Interview with Professor Dr Wilhelm Hankel about the Euro crisis and the financial emergency packets for Greece and other Euro countries.

Current Concerns: Professor Hankel, at the beginning of May you and four competent colleagues filed a lawsuit to the Federal Constitutional Court of Germany against the so-called ‘Help for Greece’, which had been adopted by the German Bundestag. You also appealed to the public by an advertisement in a large German newspaper. What prompted you to do so?
Prof Dr Wilhelm Hankel: What we asked the Constitutional Court to consider is an affair to all of us, of all Germans, even to all Europeans. Because the help for Greece and also for a lot of countries in a similar situation will – under a humane pretext, a pretext of solidarity – bring to life a monstrosity, a complete change of the European system without asking the people. And this change will be performed on different levels. On the legal level: breaches of law have been committed, which are simply outrageous. But also the political structure of the EU is being changed, which is also outrageous; because this has to be decided by a public referendum, and not in a clandestine operation of a few governments. And what bothers me as an economist particularly is the concern for the welfare of our citizens. These three concerns – these three levels – have to be brought to the general public; additionally we want to make clear to the judges, that such questions are not decided in the legal solitude but have to be made the subject of a public debate where they might even be repelled.

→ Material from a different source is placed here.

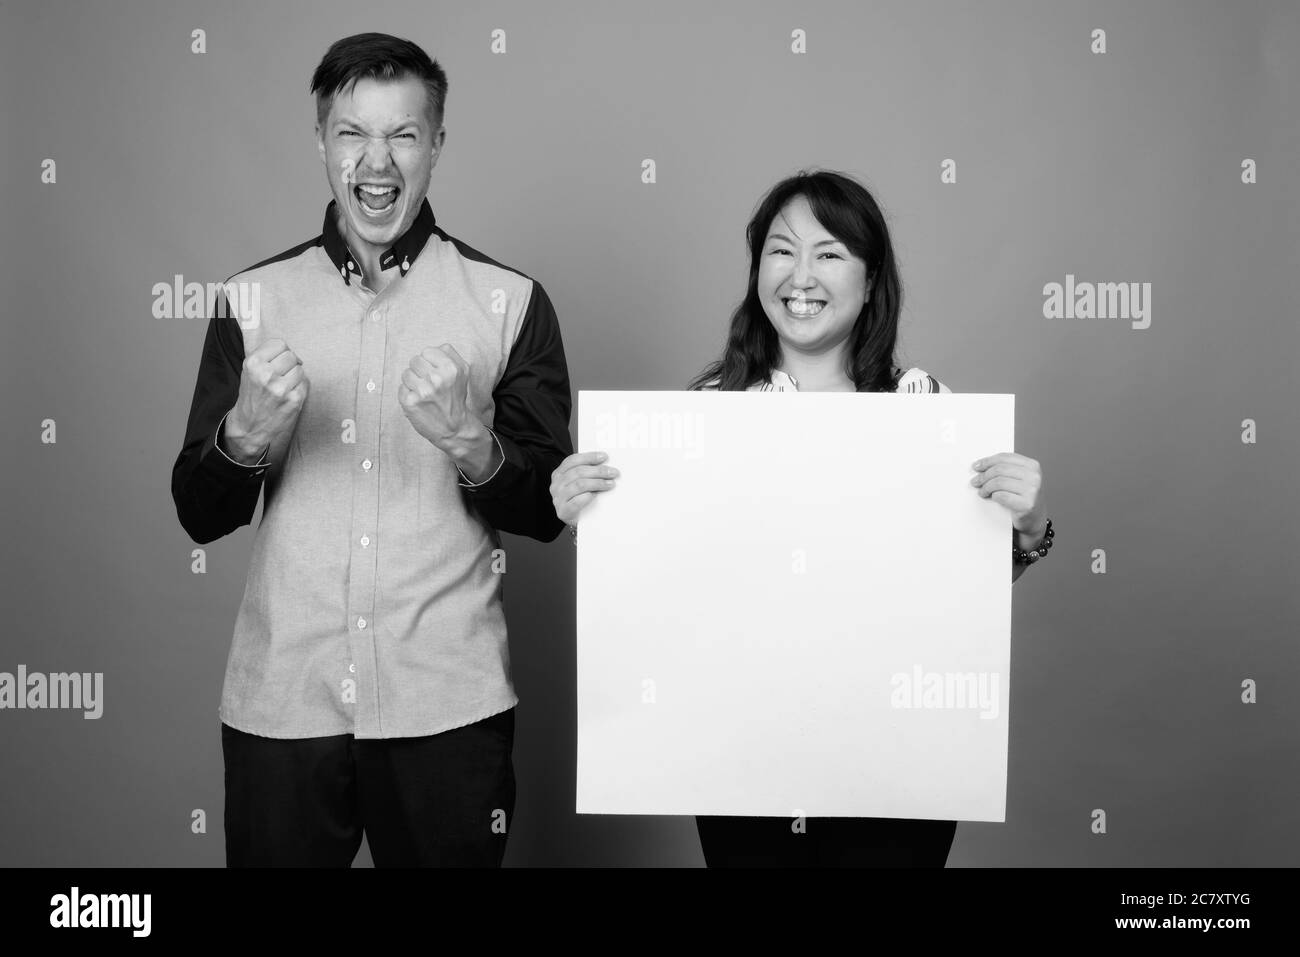 Portrait of young handsome businessman and mature Asian businesswoman together with white board Stock Photo

In your newspaper advertisement you are writing about a political situation in Germany, which is comparable to the situation in the years prior to the French Revolution. Do you consider the current situation as politically charged as then?
Above all, I see that our governments dissociate completely from the concerns, experiences and hardships of their people. Take the case of the inflation. In the last century, the Germans experienced two inflations; people suffered, their savings were gone, their future was no longer secured, their pensions were confiscated. But above all, society changed. Suddenly the young German democracy of the Weimar Republic was replaced by a dictatorship of desperation. It has to be regarded as such. Some people voted for a leftist dictatorship, another part, the middle classes, voted for a right-wing dictatorship, but I am convinced that many of these would never have voted neither for one or the other dictatorship if they had lived in safe economic conditions.

Can you tell us about the main legal arguments in your complaint?
The legal arguments relate to the obvious legal violations, especially those referring to the cutback of securing the stability of the Euro, which is so dear to the Germans. The Euro was supposed to be and remain as stable as the DM (German Mark), as our Constitutional Court stated in a fundamental ruling. This is written down in a judgment, which was fought for by my friend K. A. Schachtschneider in 1993. And Germany joined this monetary union while at the same time influential politicians – from the Federal Chancellor to the now retired President, who was the chief negotiator in Maastricht – made a promise: The Euro will be as stable as the DM. Now it has become obvious, in a situation that has nothing to do with inflation – and we can be grateful not to be in such a situation today – that the stability requirements are being ignored as if they were a negligible quantity. For, in the contract there were two legal regulations against inflationary acts of caprice: first the Pact for Stability and Growth which limits national debt. This pact has been breached completely by arguing “we are in an economic crisis and in this crisis we are not able to stick to the stability requirements of this pact. As an economist, I could sympathize somehow with that argument, because in a crisis tax income will be reduced, national spending will rise. But from this follows that the Pact of Stability and Growth has been a fair weather pact. It would work under optimal conditions, but in times of crisis the upper limit for national debts cannot be met. Virtually every economist knows that.
It is much more dangerous, however, that now the second and more important pillar of stability has been broken off, namely the provision that no state can be held accountable for the poor financial policy of another state- the so-called “no bailout clause” in articles 125and 126 of the Treaty on the Functioning of the European Union. (TFEU) And the reasons given for that are exciting. The debts of the southern countries with Greece in the first place, but others will follow; the taxpayers will pay for them. And why? Now they lie publicly so that the states can be helped. But actually every economist can see that the help is not for the states but fort he banks that have pumped this money to the concerned states. This is no help for other countries in dire straits; it is a covert assistance for a banking system that performed unsound business transactions and maneuvered these countries into unsound fiscal politics. And that is publicly veiled. That must be laid on the line – both the breach of law as well as its consequences.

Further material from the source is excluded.